Halk TV'de Serhan Asker'in sunduğu Görkemli Hatıralar programına Esenyurt Belediye Başkanı Ahmet Özer'in kızı Seraf Özer konuk oldu.
Avukat Seraf Özer, babasının başına gelenleri hukukla yakından uzaktan alakası olmadığını bir kayyum atama operasyonu içerisinde olduklarını vurguladı.

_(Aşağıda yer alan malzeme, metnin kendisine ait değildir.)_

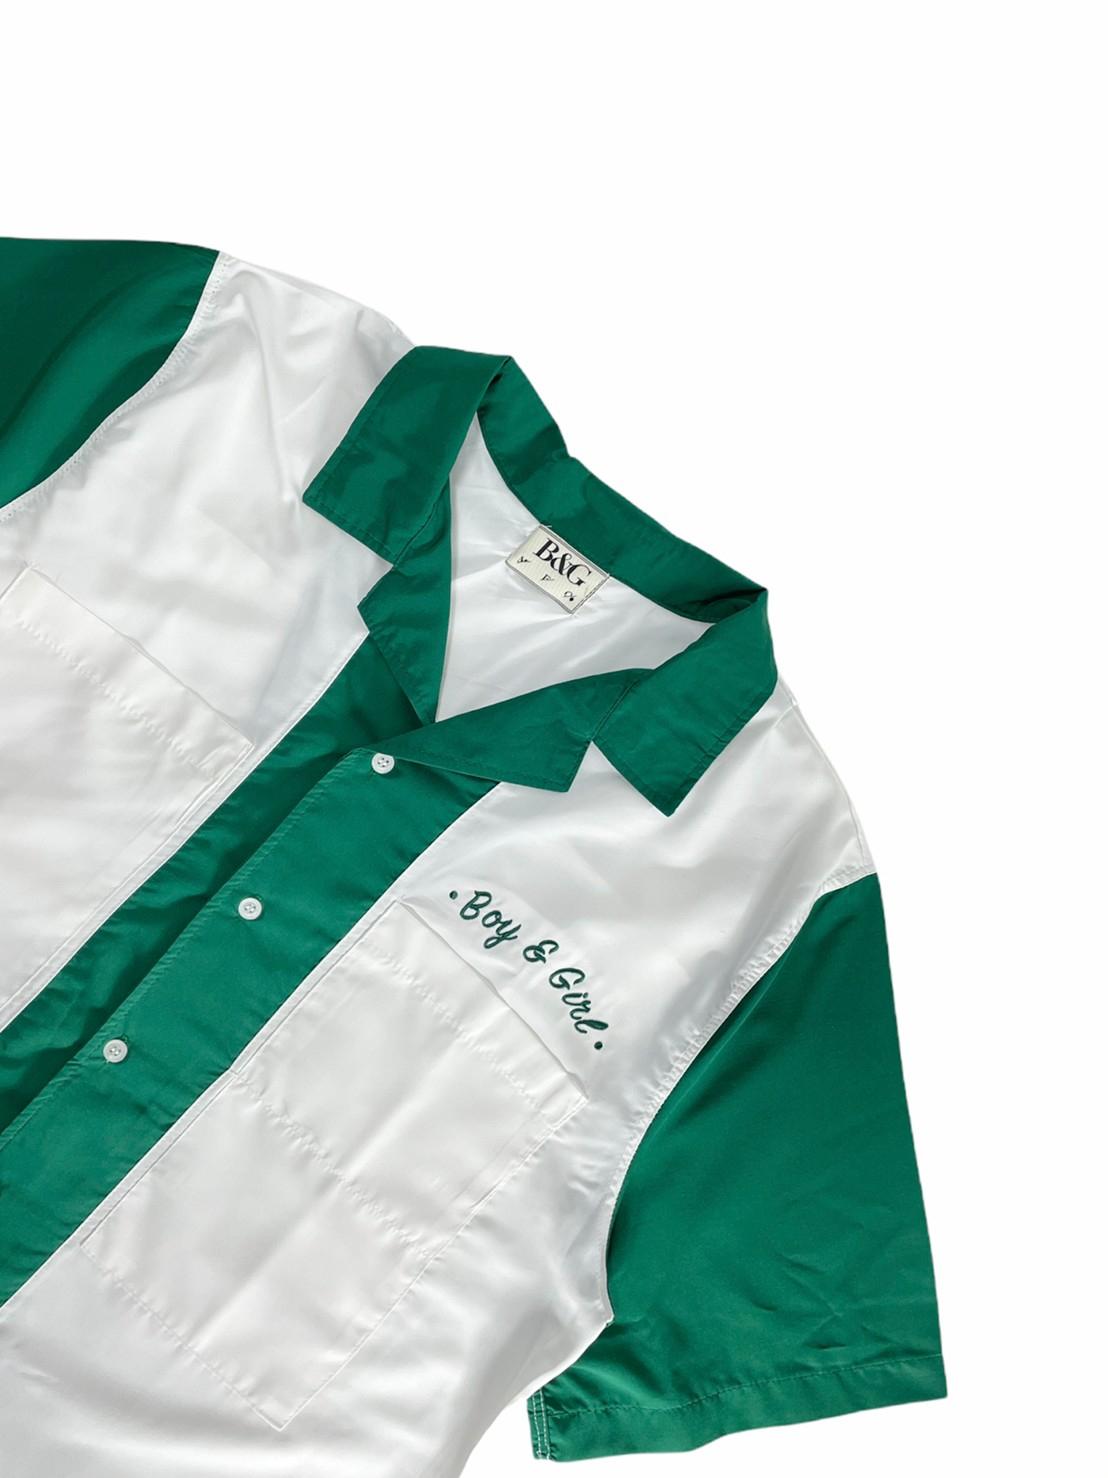 B & G Retro Shirt (Green)

Seraf Özer, babası hakkındaki iddialarının içinin boş olduğunu vurguladı. Özer, yatak odasına girip gözaltına alınan babasının ağzından çıkan ilk cümleyide Halk TV'de duyurdu. Seraf Özer, "Gözümü açtım, polisler etrafımda ve sizlere bir şey oldu diye korktum. Çocuklarıma bir şey mi oldu diye irkilerek uyandım." dedi. "Çocuklarıma bir şey oldu zannettim." ifadelerini kullandı" bilgisi verdi.
"DİK DURACAĞIZ"
Seraf Özer, Halk TV'de şunları dile getirdi:
- "Gözaltına alındığı gün evde çocukları yoktu. Babam gözünü polislerle açıyor, polisler tarafından uyandırılıyor.Ben bunu cezaevinde, babamdan olayı dinlerken, yani "Gözümü açtım, polisler etrafımda ve sizlere bir şey oldu diye korktum. Çocuklarıma bir şey mi oldu diye irkilerek uyandım." dedi.Bir buçuk milyonluk bir kenti yöneten,bir akademisyeni, bir bilim insanını, bu şekildebir sürece dahil edilmesi ne akla, ne vicdana, ne hukuka, yani bunun akılla, mantıkla, hukukla, zah edilir bir yanı yok. Biz ailecek çok ciddi bir travmatik süreçten geçiyoruz. Ama dik duracağız yani. Tabii ki dik duracağız. 65 yaşında bir belediye başkanının nerede olduğu belli. Kim olduğu belli. Her sabah 8.30'da görevinin başında olan bir belediye başkanını ifade vermek için çağırabilecekken bir şafak operasyonuyla bir siyasi kumpasla, şafak operasyonuyla bu şekilde gözaltına alınması...
"İDDİALARIN İÇİ BOŞ"
- Bu, bu davanın, bu iddiaların içinin boş olduğu zaten açık. Bu, bu ayyuka da çıkacak zaten. Ama esasının dışında sürecin, usulün işleyişi, sürüşü de gerçekten insan haklarına, anayasaya aykırı bir süreç geçiriyoruz. folayısıyla hani bu aramalarla ilgili, detaylar çokça konuşuluyor takip de ediyorum. Sayın Genel Başkanımız, Sayın İBB Büyükşehir Belediye Başkanımız, zaten gereken açıklamaları, paylaşıyorlar. Onlar da yapıyorlar. dolayısıyla hani bu süreçle alakalı, ben kızı olarak 65 yaşındaki bir belediye başkanının, bir buçuk milyonluk bir kenti yöneten belediye başkanının bu durumda bırakılmasının, bir şafak operasyonuyla, bir psikolojik mobbingtir bu arada yani. Polisle içeri giriliyor. Annemin tabii uyandırmasına müsaade edilmeden, böyle bir sürece girilmiş.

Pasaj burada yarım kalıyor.